→ DATA SHOWN
Segment Open

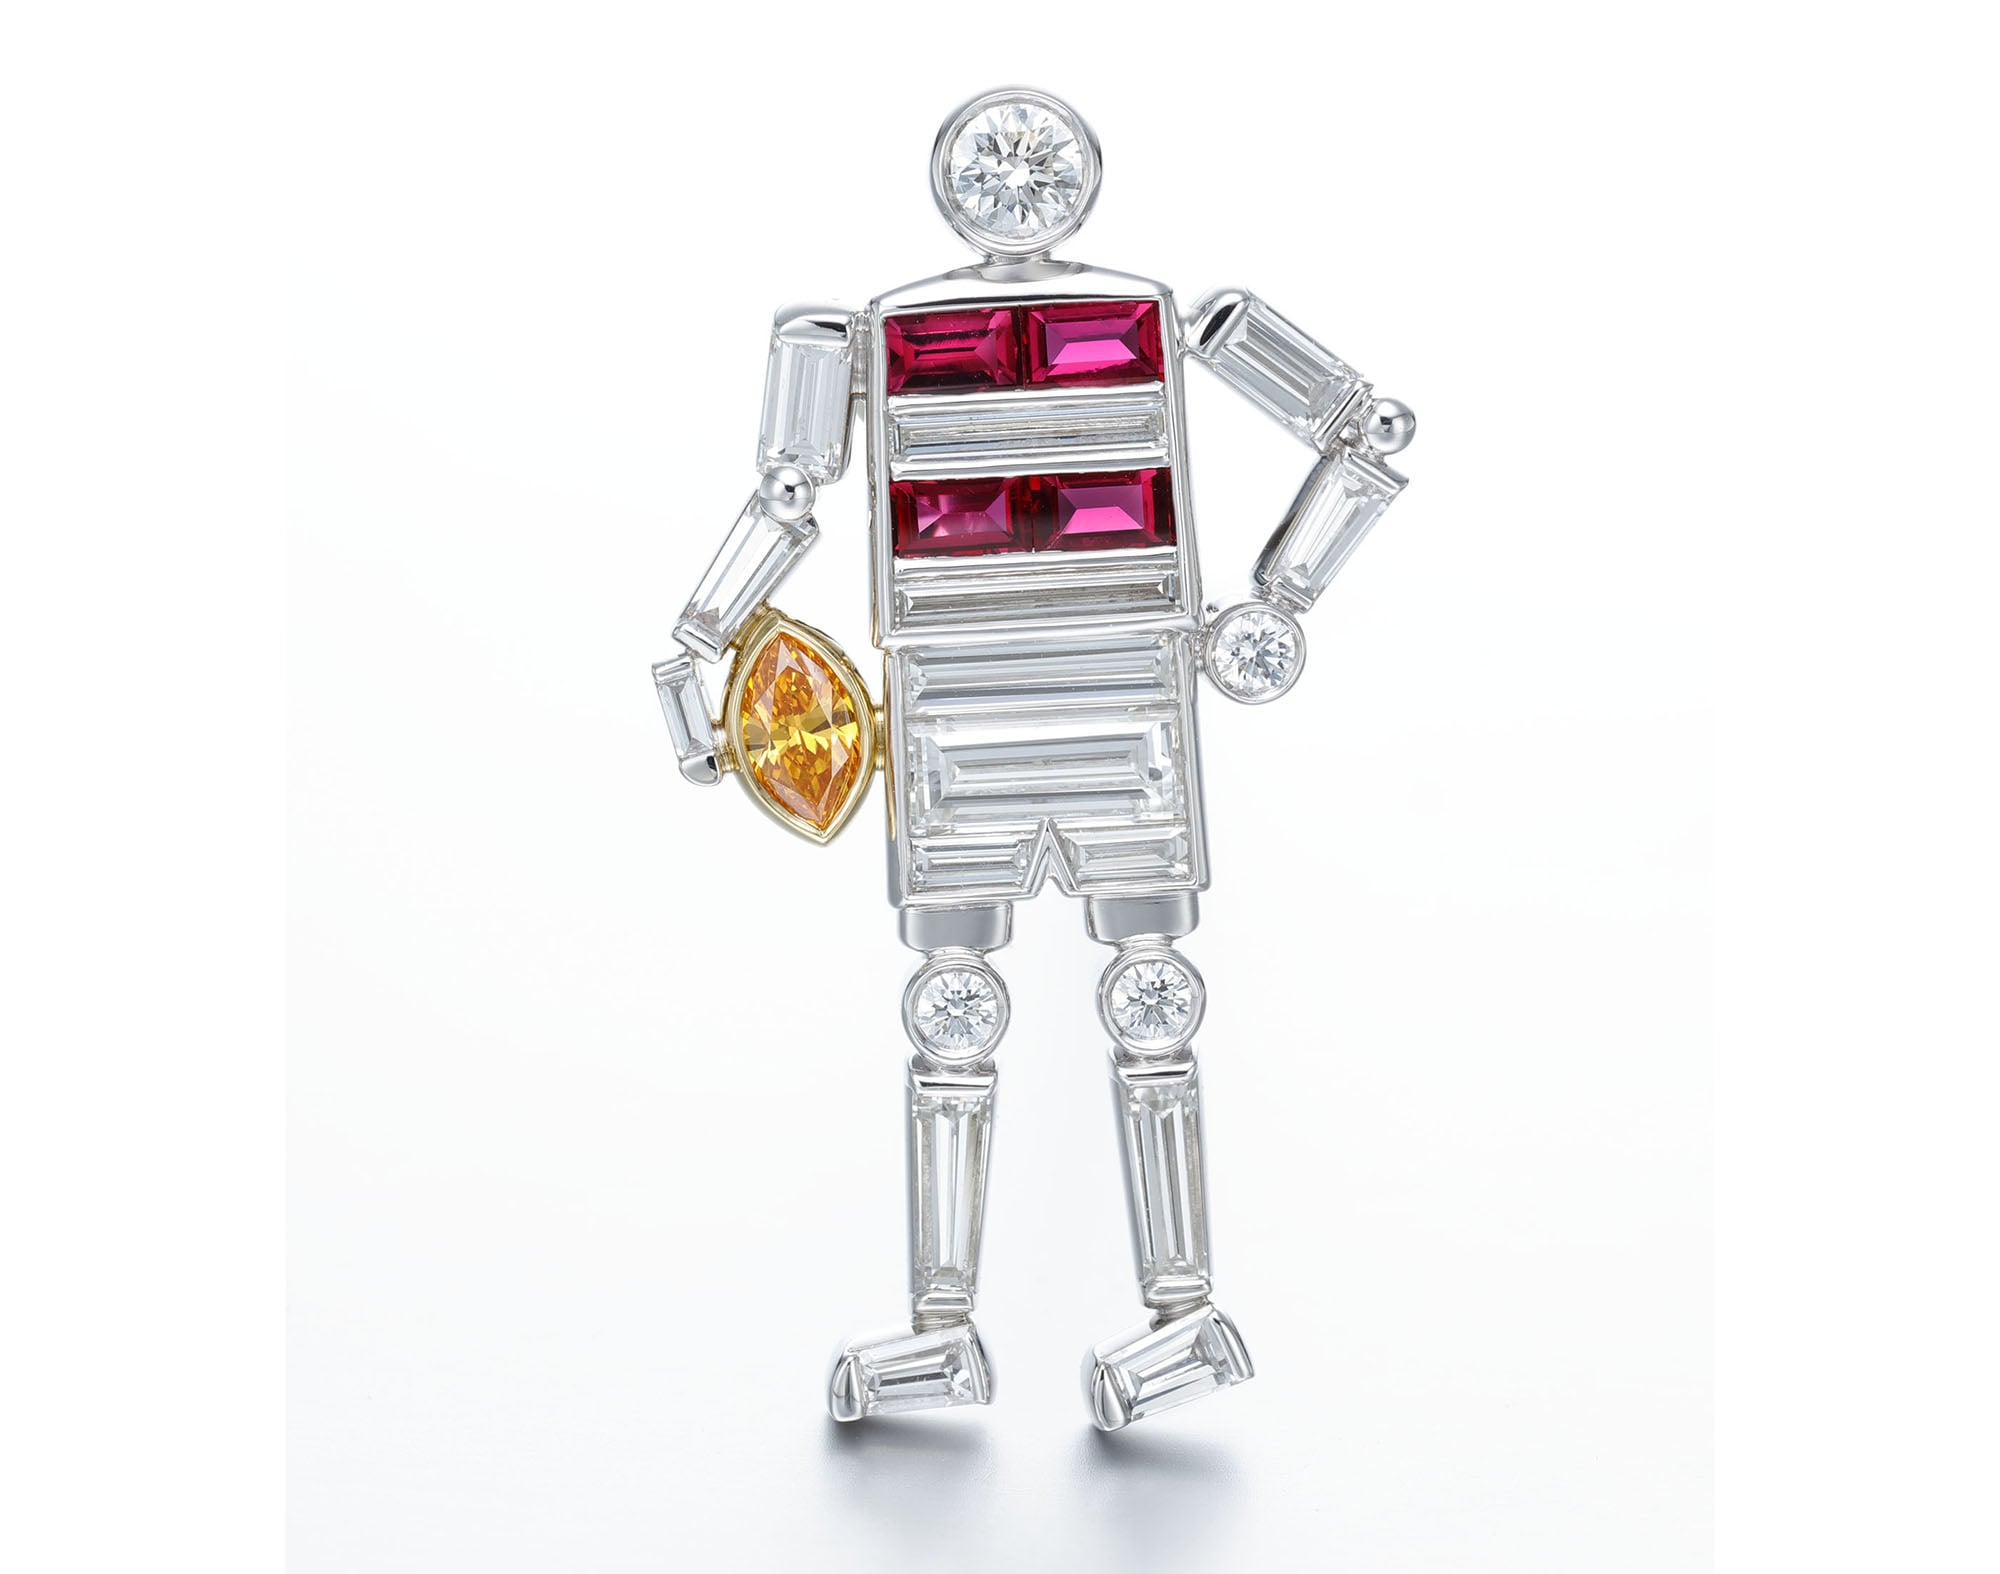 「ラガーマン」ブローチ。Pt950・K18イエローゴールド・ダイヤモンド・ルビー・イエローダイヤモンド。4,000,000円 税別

Segment Closed
Segment Open

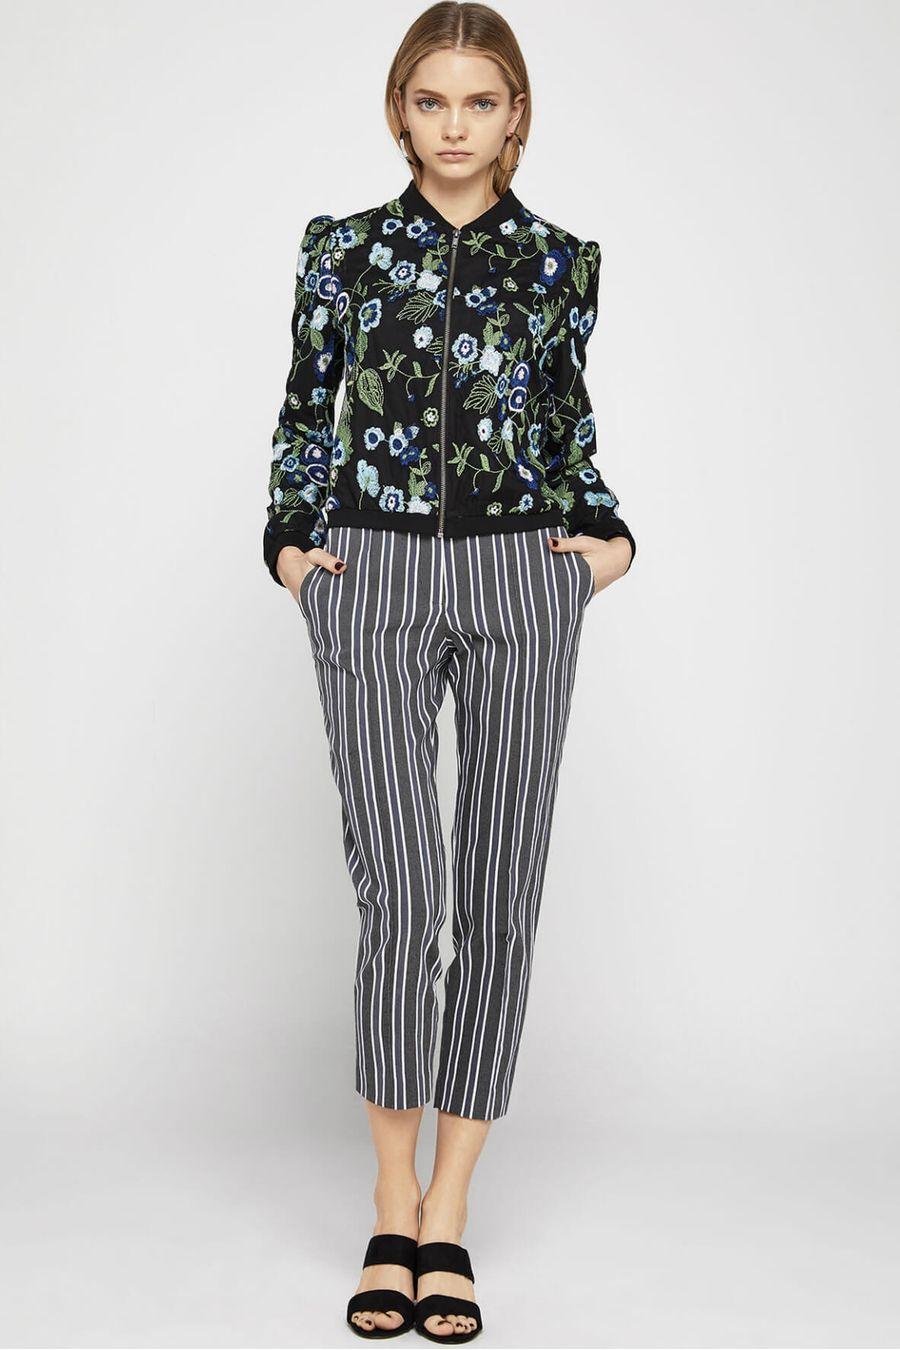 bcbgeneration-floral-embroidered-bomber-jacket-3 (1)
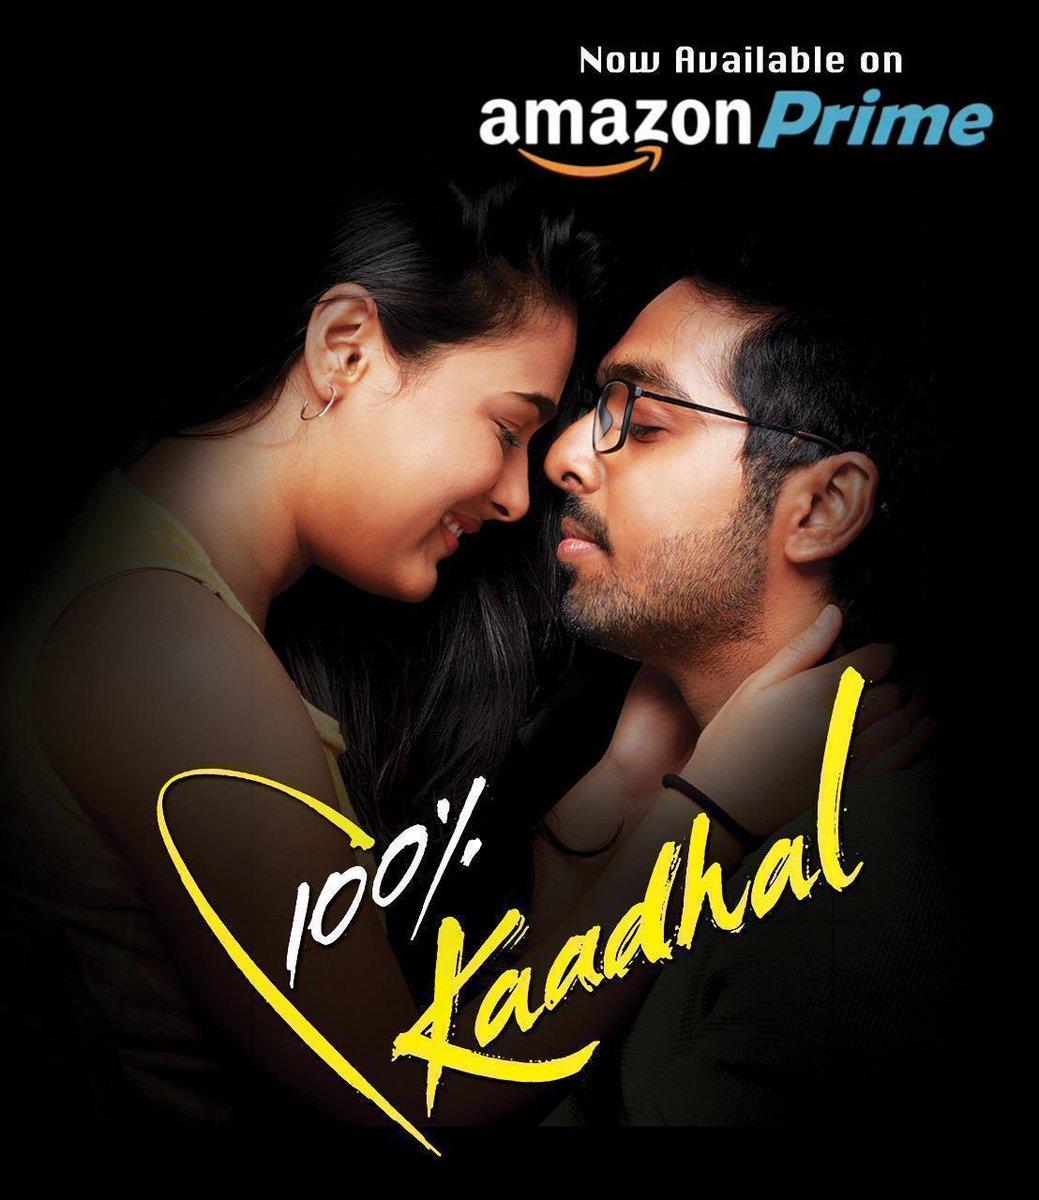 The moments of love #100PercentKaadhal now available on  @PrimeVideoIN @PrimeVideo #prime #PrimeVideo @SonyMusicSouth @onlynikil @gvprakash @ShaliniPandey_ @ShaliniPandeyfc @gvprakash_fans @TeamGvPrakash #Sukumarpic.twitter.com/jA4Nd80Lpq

Segment Closed
Segment Open

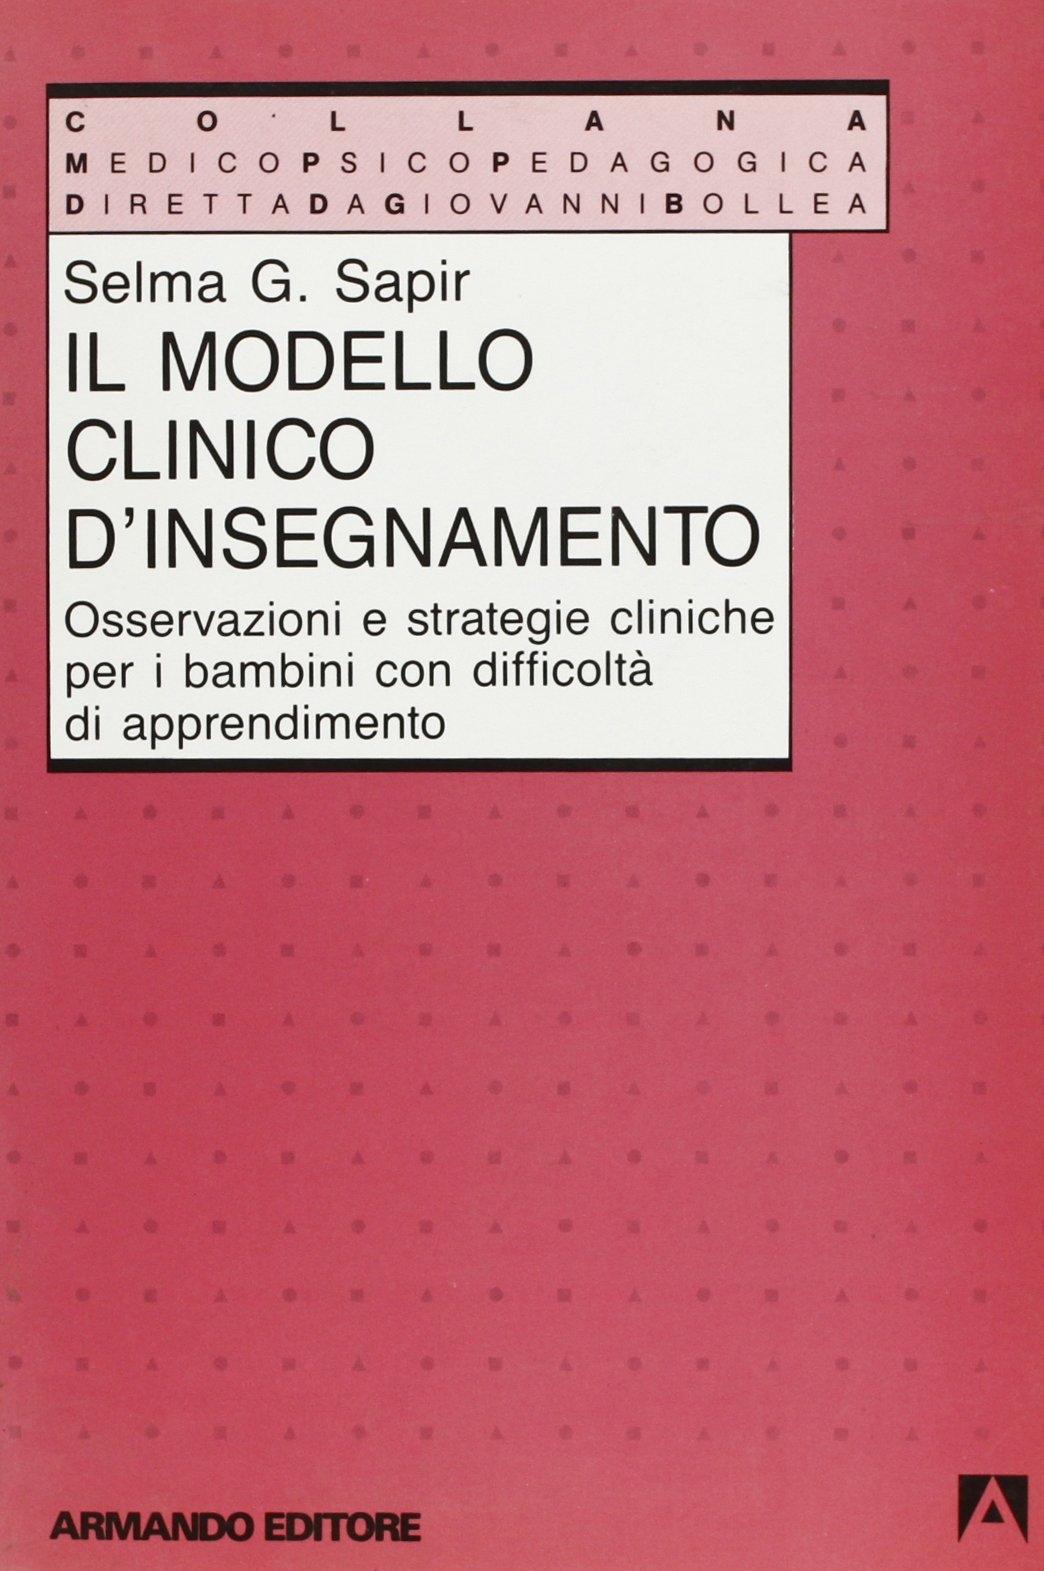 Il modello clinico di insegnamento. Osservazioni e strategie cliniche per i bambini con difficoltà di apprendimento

Segment Closed

→ WORK TO COMPLETE
Using the data above, which lines fall from the one with "bcbgeneration-floral-embroidered-bomber-jacket-3 (1)" through the one with "The moments of"? Repeat them exactly, ends included, minus any pictures.

→ SOLUTION TO THE EXERCISE
 bcbgeneration-floral-embroidered-bomber-jacket-3 (1)
 The moments of love #100PercentKaadhal now available on  @PrimeVideoIN @PrimeVideo #prime #PrimeVideo @SonyMusicSouth @onlynikil @gvprakash @ShaliniPandey_ @ShaliniPandeyfc @gvprakash_fans @TeamGvPrakash #Sukumarpic.twitter.com/jA4Nd80Lpq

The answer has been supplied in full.